Agression de journalistes à Beyrouth : de l’urgence d’une sanction

Les reporters d'al-Jadeed voulaient interviewer le directeur par intérim des douanes Chafic Merhi, qui refusait de les recevoir. Ils ont été battus sans autre forme de procès devant le bâtiment officiel.

Le journaliste Riyad Kobeissi à sa sortie du palais de Justice à Beyrouth. Photo Marwan Assaf

Le Liban était hier sous le choc face à des images en direct d'un passage à tabac de quatre journalistes par des agents des douanes, armés jusqu'aux dents, devant le bâtiment de la Direction des douanes, en plein Beyrouth. D'autres journalistes et des membres de la société civile, qui se sont rués à la rue des Banques pour organiser un sit-in de solidarité avec les quatre hommes, ont également été victimes de violences... sous l'œil des caméras.


Le journaliste Riyad Kobeissi et ses collaborateurs Ali Chraim, Ali Khalifé et Adib Farhat, du programme Tahta Ta'ilat al-Mas'ouliya (« Sous votre entière responsabilité »), étaient en train de préparer un documentaire sur la corruption à l'aéroport de Beyrouth. Ils ont été arrêtés quelques heures pour les besoins de l'enquête. Ils ont été libérés peu avant 21 heures du palais de Justice à Beyrouth et accueillis en héros par les journalistes et la société civile, qui se trouvaient sur les lieux en masse. Les manifestants scandaient des slogans condamnant la violence contre leurs pairs et demandant que justice soit faite. L'événement a été couvert de façon extensive par les médias.
Interrogés par les correspondants sur place, les journalistes libérés ont déclaré avoir été battus une seconde fois à l'intérieur du bâtiment des douanes, où ils ont été retenus contre leur gré, et avoir été transportés vers le siège du ministère de la Justice dans une voiture des douanes. Ils ont également assuré avoir reçu des menaces. Au ministère, ils ont simplement fait une déposition.

 

Images transmises à L'Orient-Le Jour par un témoin.

 

« Levez la couverture sur les contrebandiers »
À sa sortie, le journaliste Riyad Kobeissi, des marques de contusions apparentes sur son visage, a adressé ces mots à une partie qu'il n'a pas nommée : « Levez la couverture sur les contrebandiers, il n'y a aucune raison qui vous contraint à les protéger. » À Chafic Merhi, il lui a conseillé de « démissionner ». Il a relaté le récit des insultes qui lui ont été adressées par des haut gradés des douanes. Le journaliste a par ailleurs assuré qu'il avait beaucoup de choses à révéler. « Aucune partie politique n'est innocente de la contrebande », a-t-il lancé.

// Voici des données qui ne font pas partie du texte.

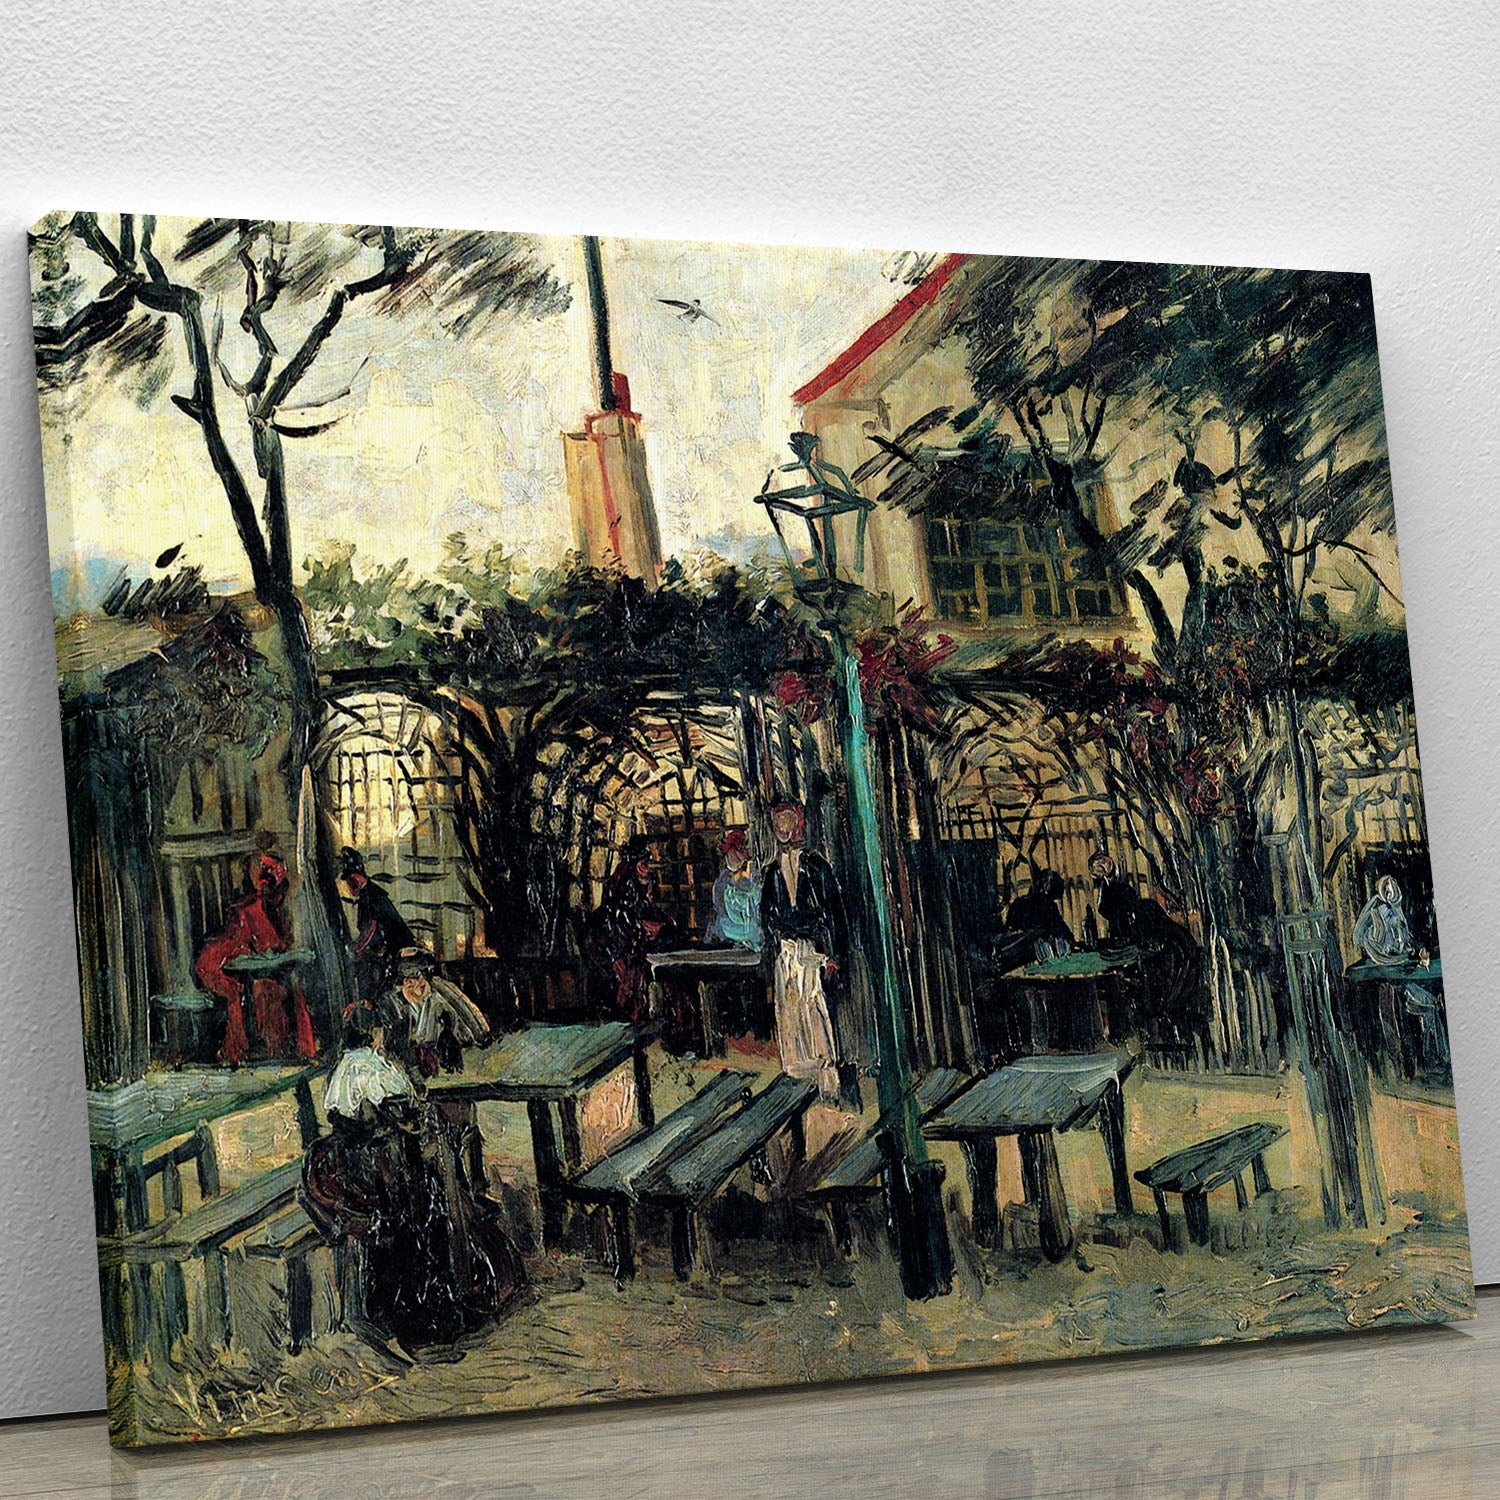 Terrace of a Cafe on Montmartre La Guinguette1 by Van Gogh Canvas Print or Poster - Canvas Art Rocks - 1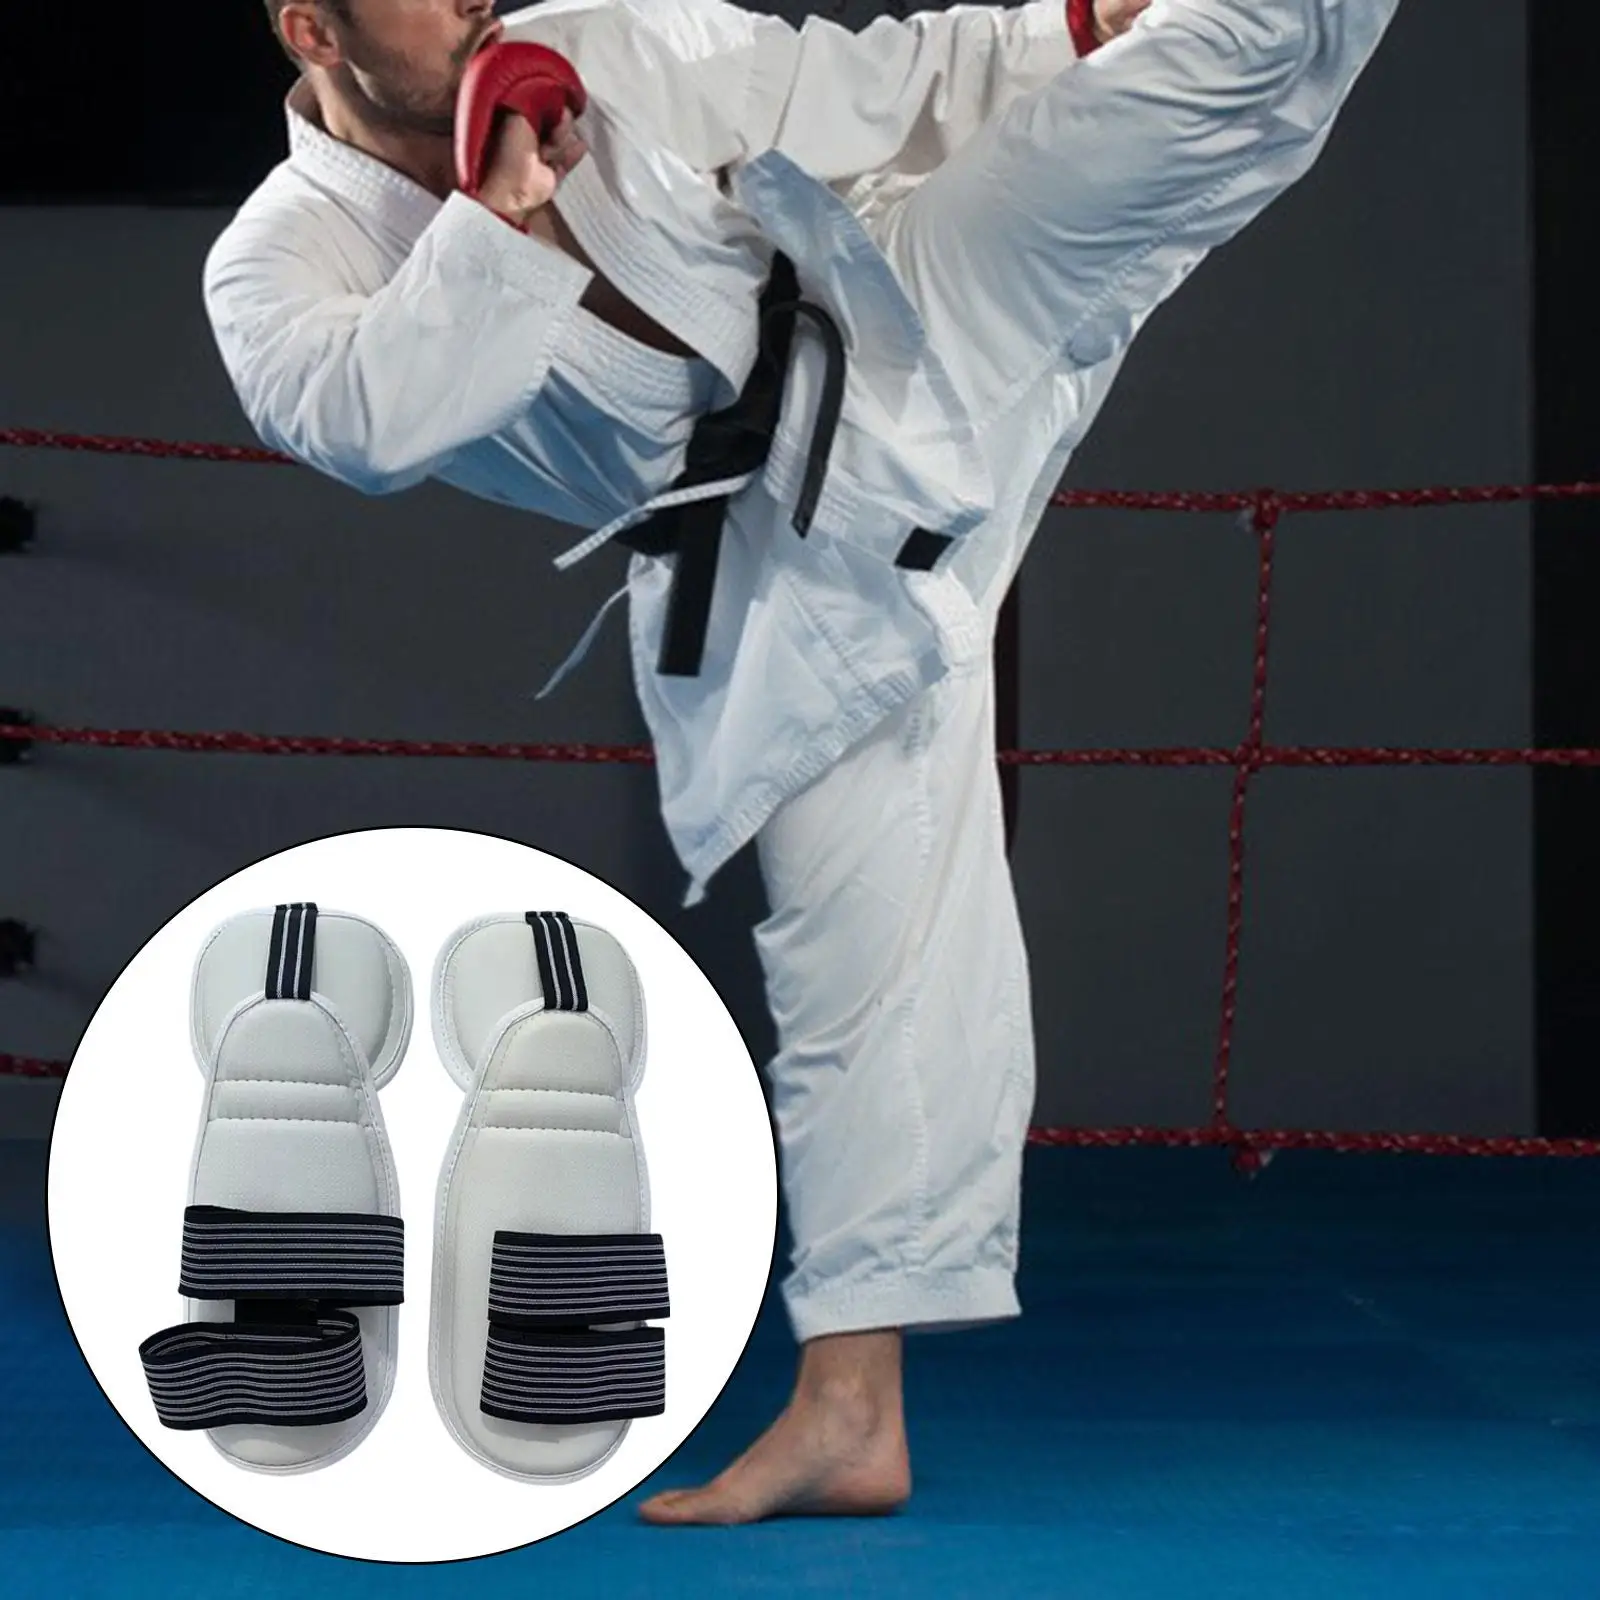 Taekwondo Forearm Guard Protectors Padded Mma Protective Gear

La chaîne al-Jadeed, par la voix de sa directrice des informations Mariam el-Bassam, a assuré qu'elle porterait plainte contre ceux qui ont violenté les journalistes. Mais les agresseurs n'auraient toujours pas été inquiétés hier. Le ministre de la Justice Chakib Cortbaoui, qui se trouve hors du pays pour participer à un congrès sur la lutte contre la corruption (ironie du sort !), a déclaré à la chaîne al-Jadeed que « l'enquête sera complète ». Il a expliqué que les journalistes ont été simplement entendus par la justice pour qu'ils présentent leur version des faits. Interrogé sur les agresseurs, dont les visages sont bien visibles sur les photos et les images vidéo, il a assuré que « ceux qui sont désormais connus seront convoqués dans le cadre de l'enquête, et les autres seront identifiés bientôt ». Auparavant, M. Cortbaoui avait affirmé avoir demandé au procureur général par intérim près la Cour de cassation, le juge Samir Hammoud, d'ouvrir une enquête.

 


Pour sa part, la Direction générale des douanes a diffusé dans la soirée un communiqué dans lequel elle défend les agissements de ses agents. « Des journalistes de la chaîne al-Jadeed ont tenté de prendre d'assaut le bâtiment du siège central des douanes, ce qui a poussé les agents de sécurité à agir pour protéger les lieux, indique le texte. Les douanes libanaises se réservent le droit de prendre les mesures juridiques nécessaires à l'encontre des personnes impliquées dans cet incident », conclut le communiqué.

 

Chronique d'une agression en direct
L'incident lui-même a été retransmis par al-Jadeed : on y voit des agents des douanes, en uniforme, frapper avec la crosse de leur fusil des journalistes et des civils. Certains parmi ces derniers s'écroulent sous la violence des coups.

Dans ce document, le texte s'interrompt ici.